In 1869, the Women’s Branch of the Pennsylvania Society for the Prevention of Cruelty to Animals opened in Philadelphia as the nation’s first animal shelter. Now, 150 years later, it still stands in the form of the Women’s Animal Center, a modern, airy shelter in Bensalem.

Yet the backstory of the shelter and its founder has largely fallen into obscurity.

That will change, said Catherine Malkemes, the shelter’s chief executive officer, and Suzanne L. Bush, president of the shelter’s board of directors.

On Sunday, the Women’s Animal Center, recently renamed from the Women’s Humane Society, will celebrate its 150th anniversary — a significant milestone, shelter management says, and one that will highlight the organization’s roots.

“We wanted to focus on the women because of the history and the fact that these women were so courageous and innovative,” Bush said.

To celebrate, there will be parties. A ribbon-cutting.

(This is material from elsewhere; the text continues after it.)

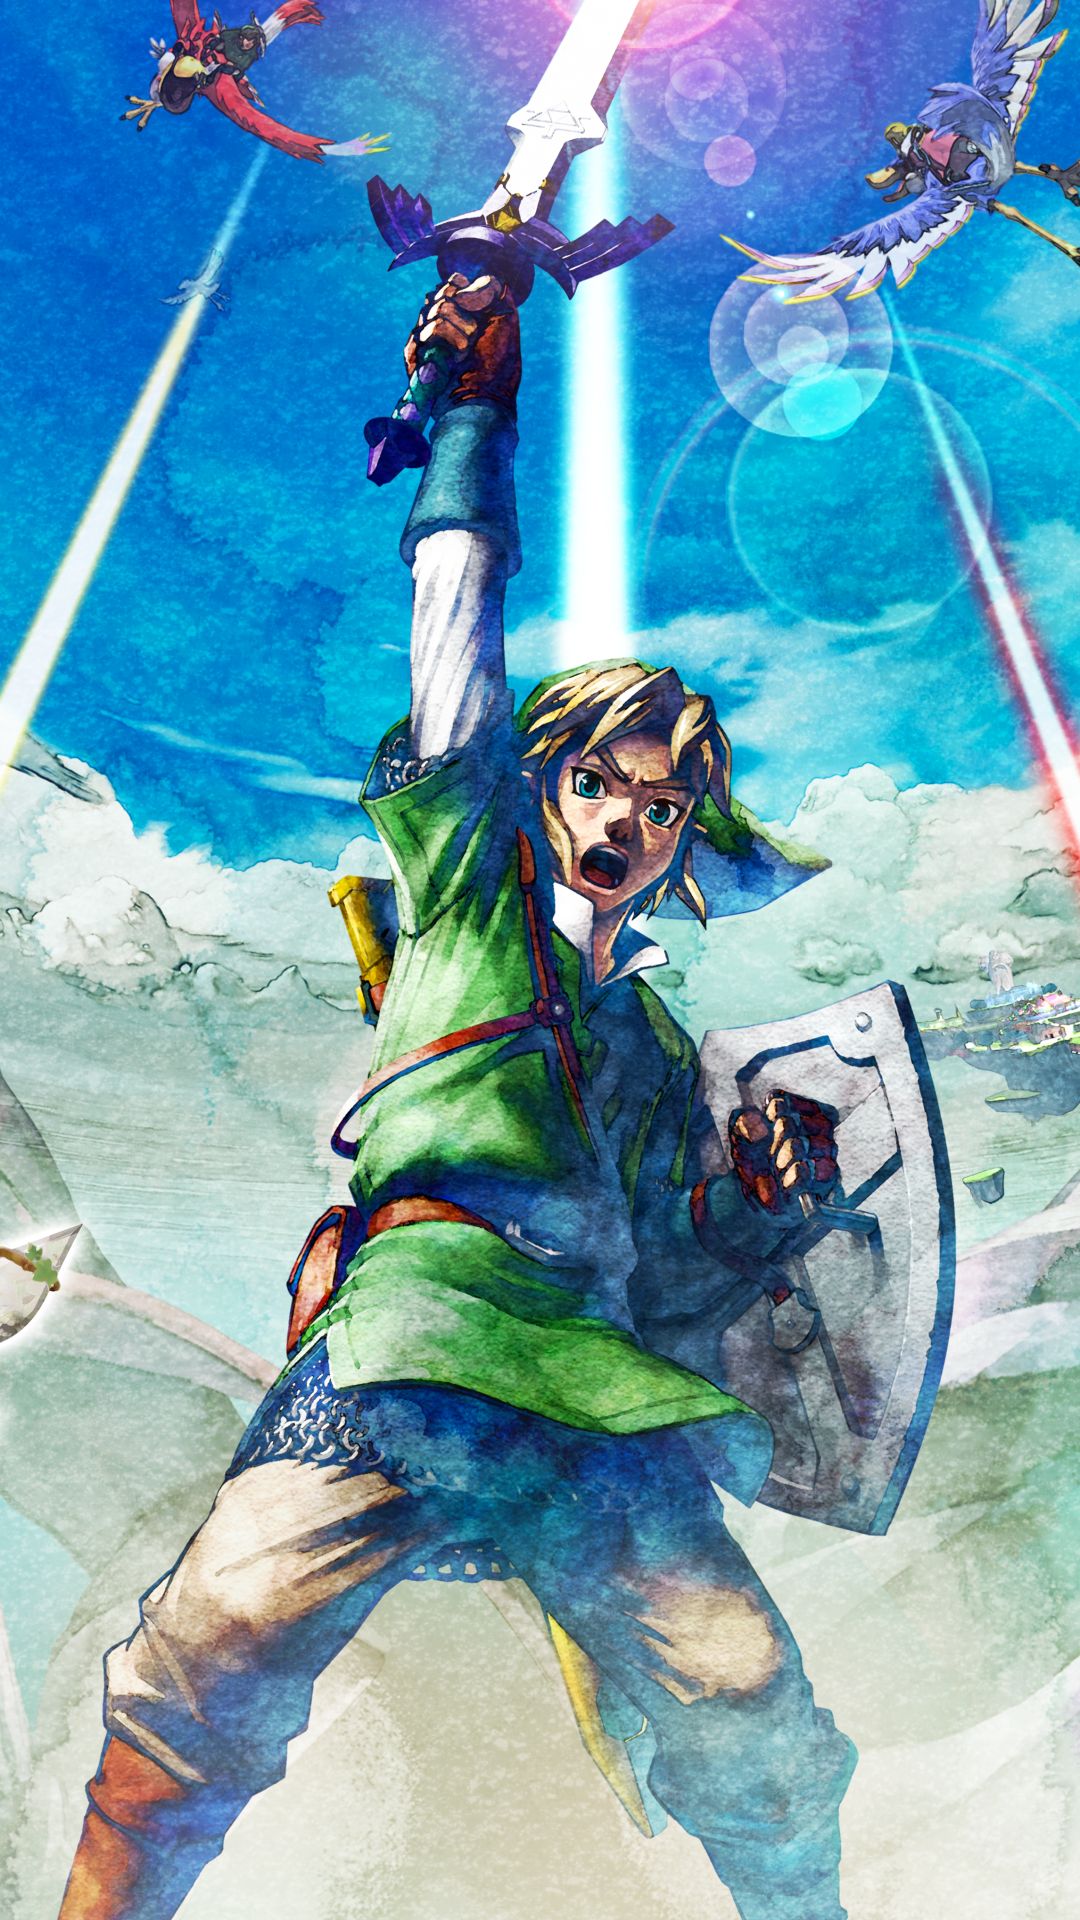 Meilleurs fonds d'écran La Légende De Zelda : Skyward Sword Hd pour l'écran du téléphone
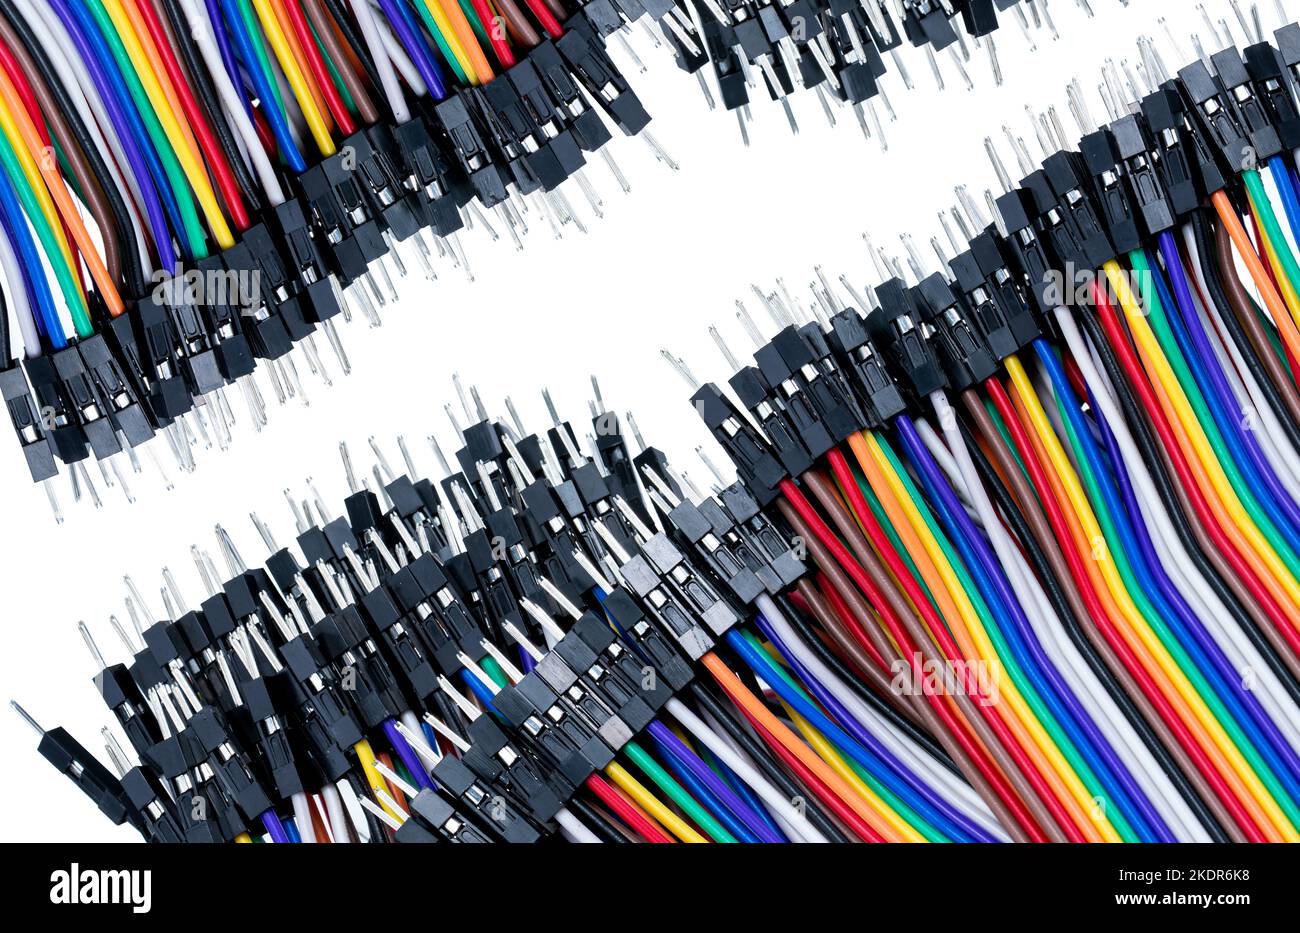 Flachbandkabel oder mehradriges planares Kabel auf weißem Hintergrund. Flachbandkabel mit Stiftsteckern. Mehrfarbiger Flachbandcomputer mit Anschlusskabel. Stockfoto

A National Animal Shelter Day of Service, during which shelter officials hope people will volunteer, donate supplies or money, or adopt a pet. A ceremony around the shelter’s newly granted historical marker, to be staked this fall at either the Pennsylvania Women’s SPCA’s original meeting site at 923 Walnut St., or its first office, at 1320 Chestnut St.

They hope it will amplify the shelter’s history.

Consider the way the shelter started, Malkemes said, sitting in her office, as she carefully opened the organization’s first annual report, dated 1870.

On April 14, 1869, she said, a little more than two dozen women clustered in the parlor of a Philadelphia home to talk about a troubling issue. They saw that carriage horses were beaten, overworked and malnourished. Stray dogs and cats roamed the streets. Others were corralled in the city’s pound and left to flounder.

Now, 150 years later, the shelter, relocated to a sprawling complex in Bensalem, houses more than 200 animals, a full-service veterinary hospital, physical therapy for animals, an education center, and a space for dog training.